### GIVEN DATA
════════════════════
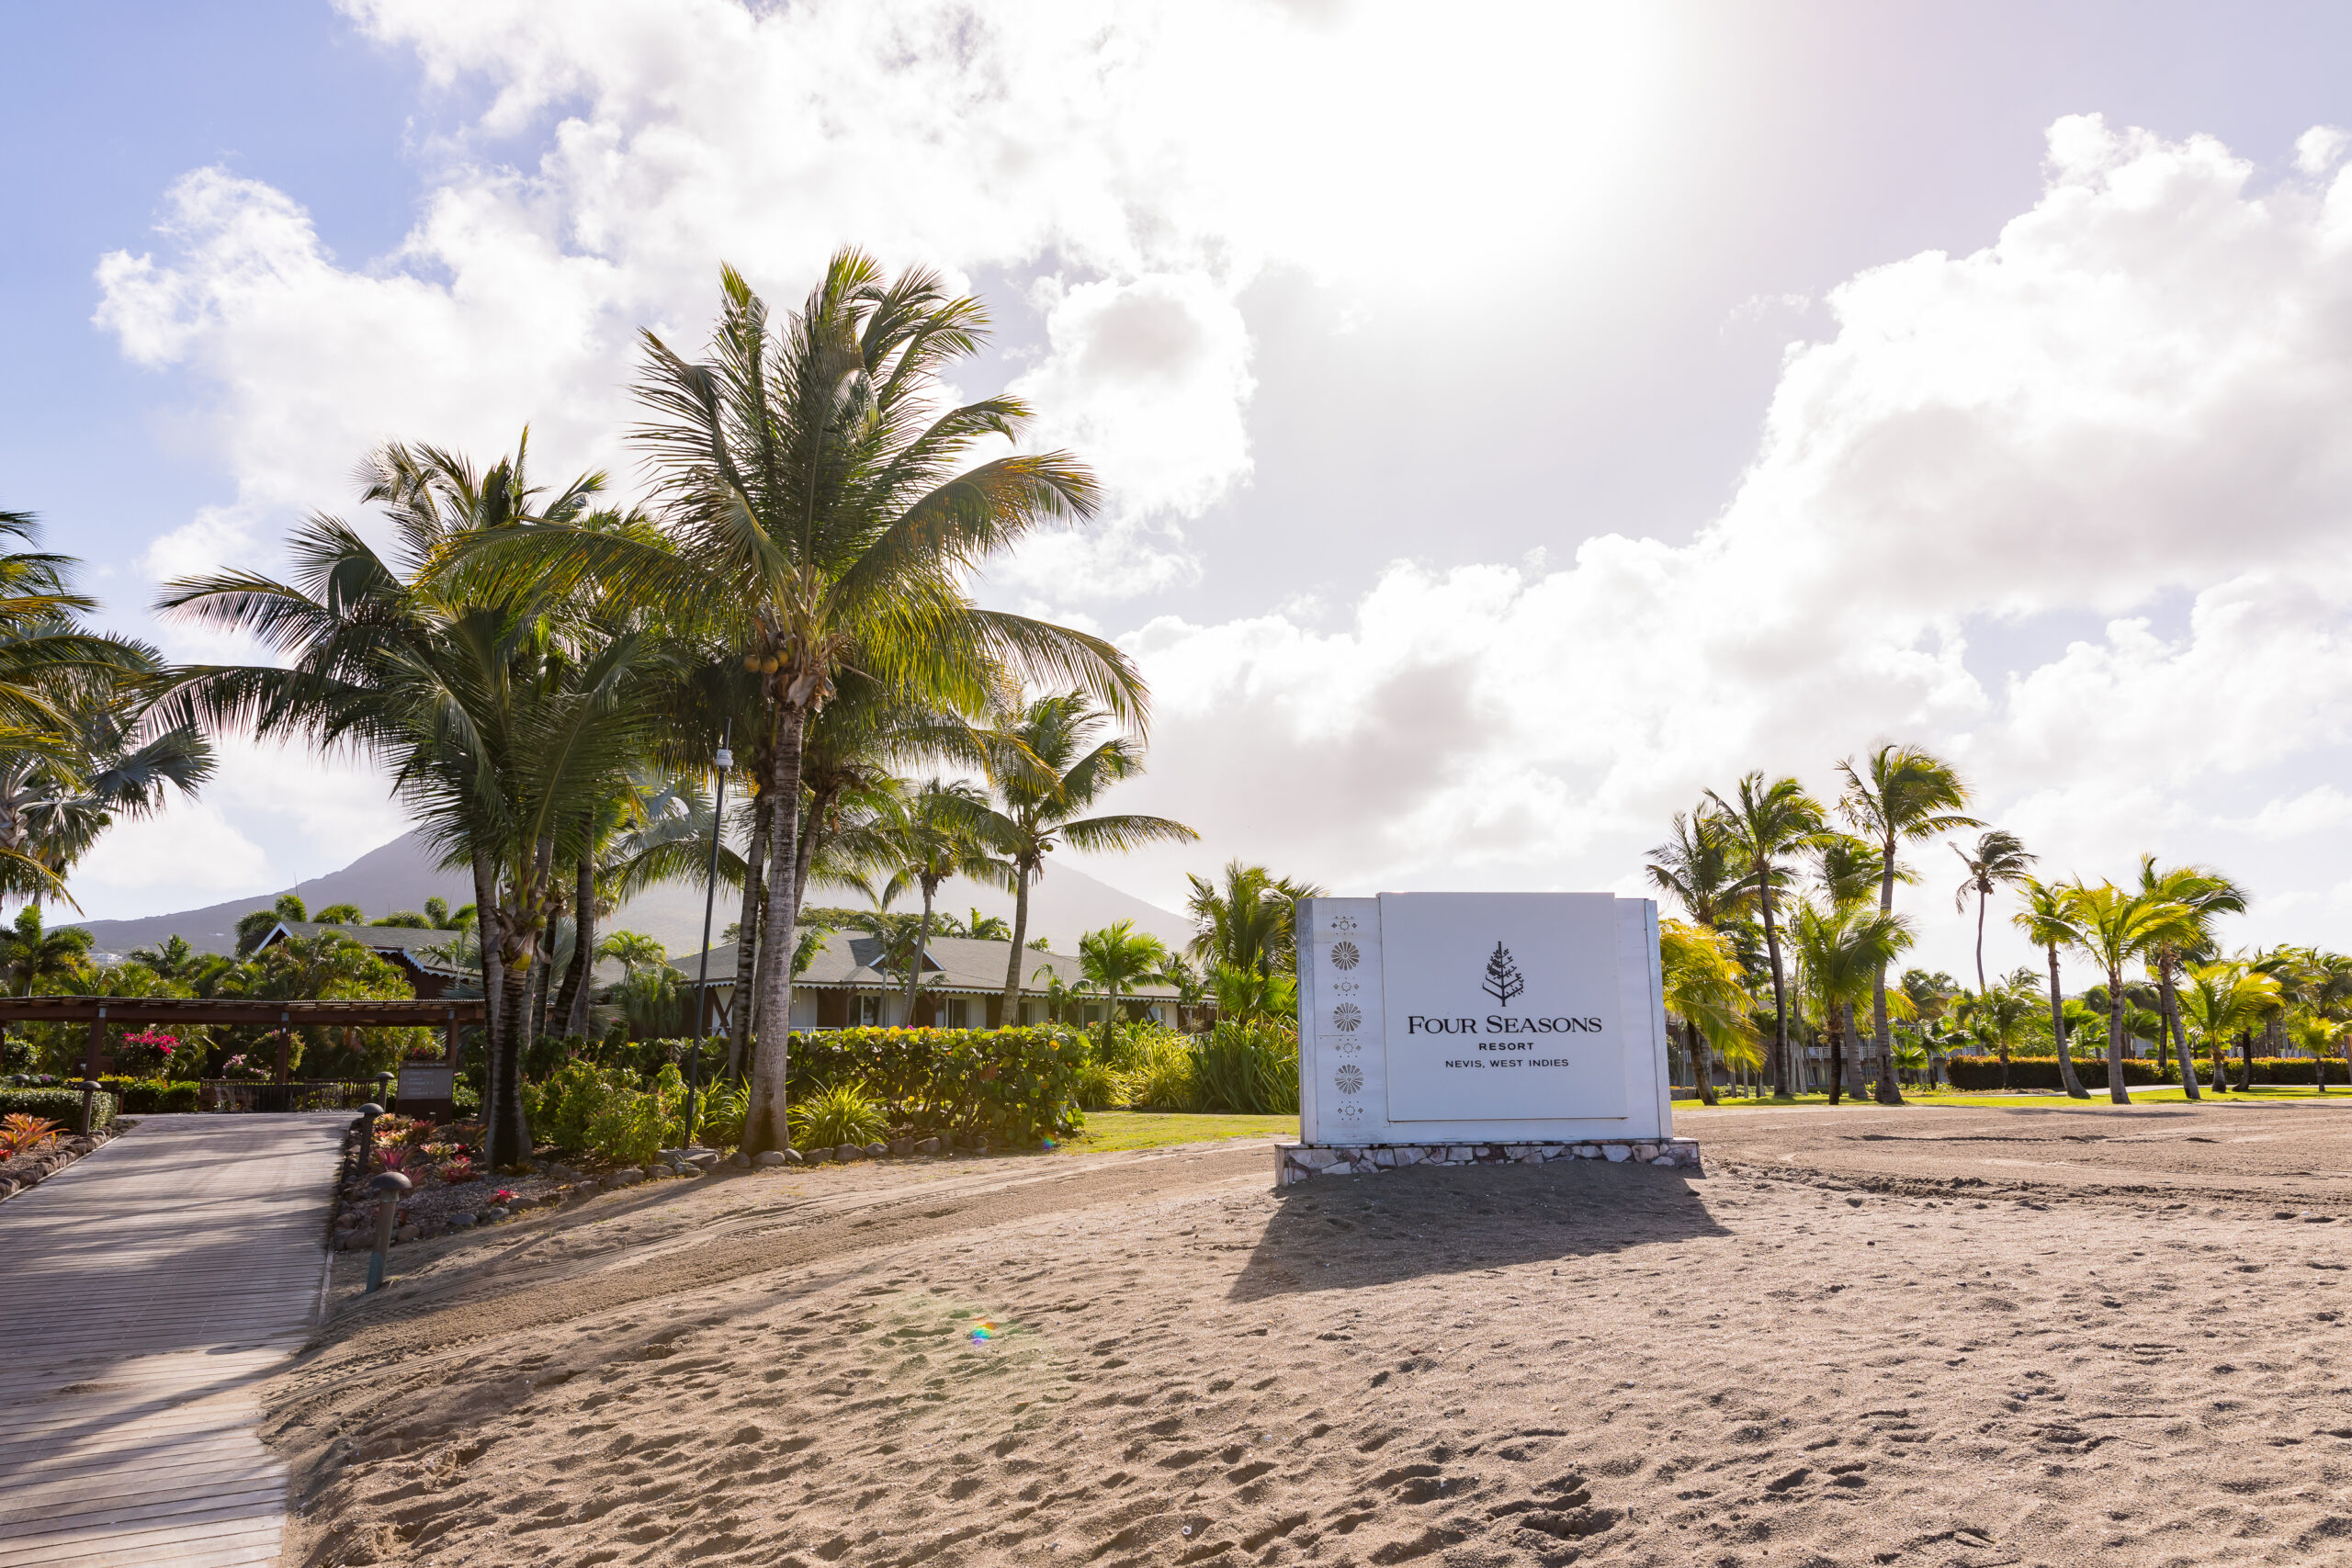 It’s time to book a trip to the Four Seasons Nevis
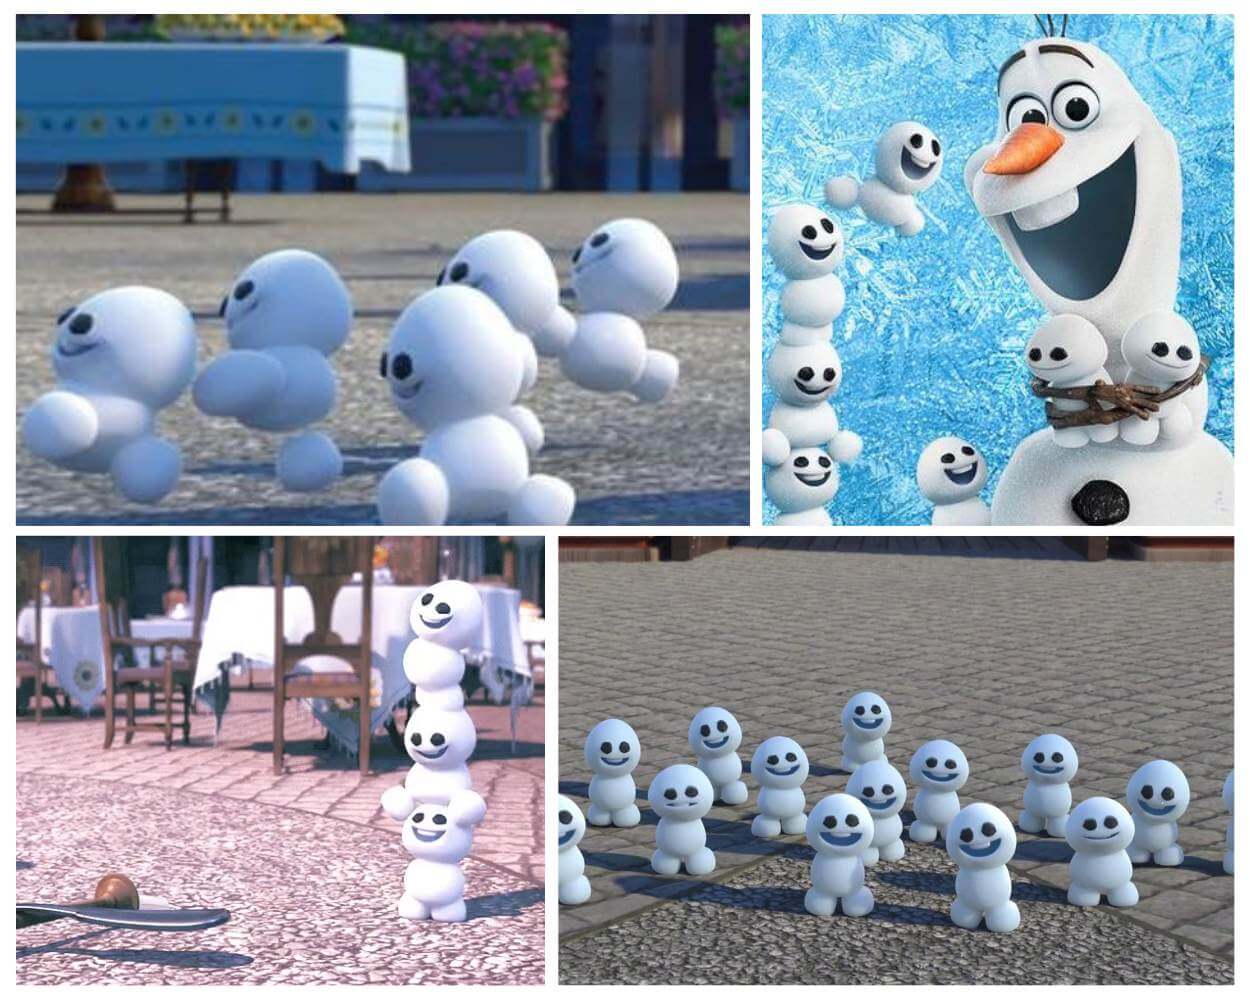 The Snowgies - frozen movies characters
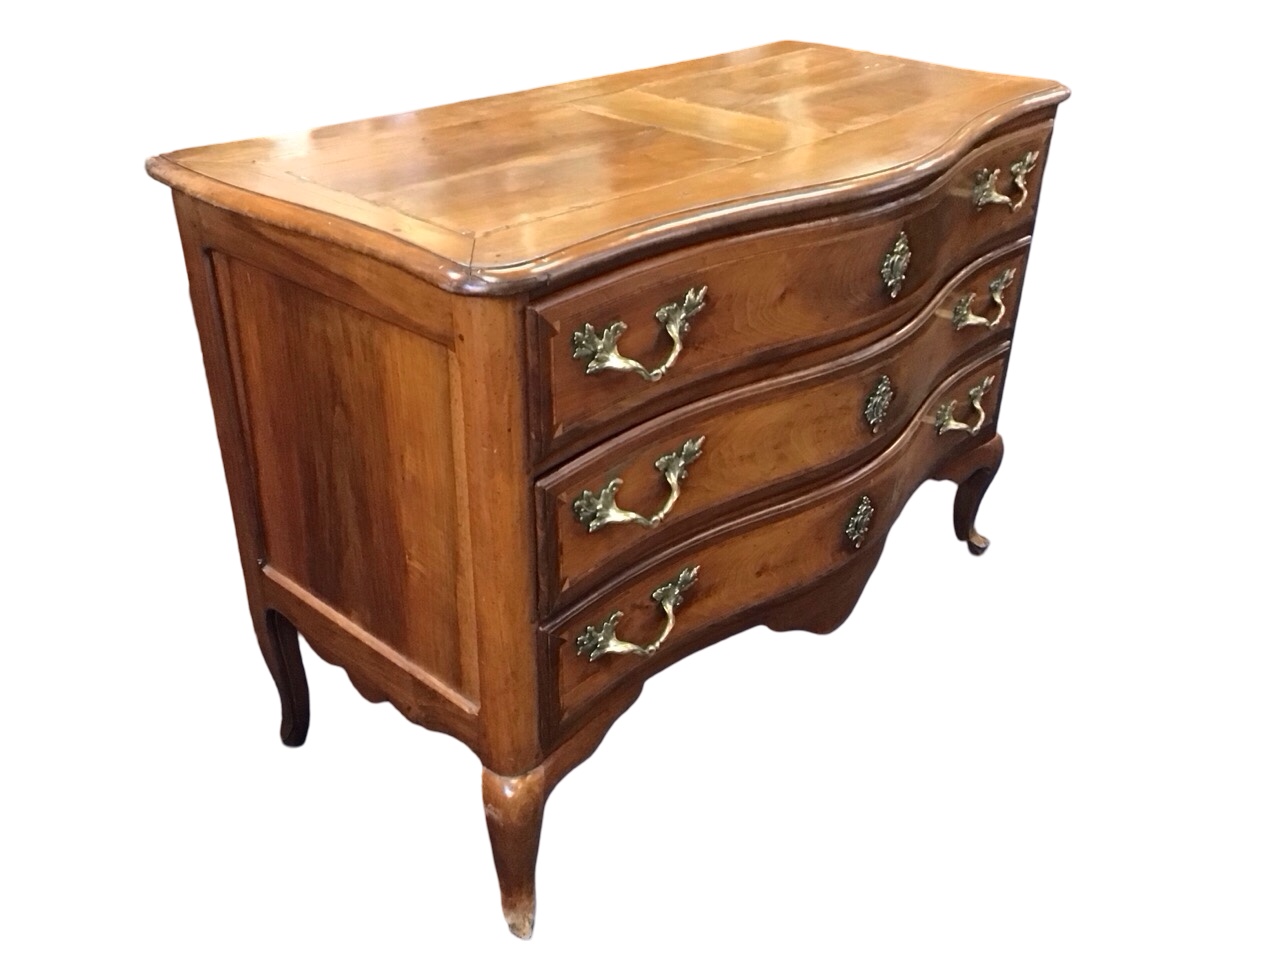 A C18th Italian serpentine fronted walnut commode, probably Piedmontese, with moulded rosewood
════════════════════
### INSTRUCTIONS FOR THE TASK
Return exactly the lines running from the line with "The Snowgies - frozen movies characters" through the final line of the listing. Leave the pictures out.

### WRITTEN SOLUTION
 The Snowgies - frozen movies characters
 A C18th Italian serpentine fronted walnut commode, probably Piedmontese, with moulded rosewood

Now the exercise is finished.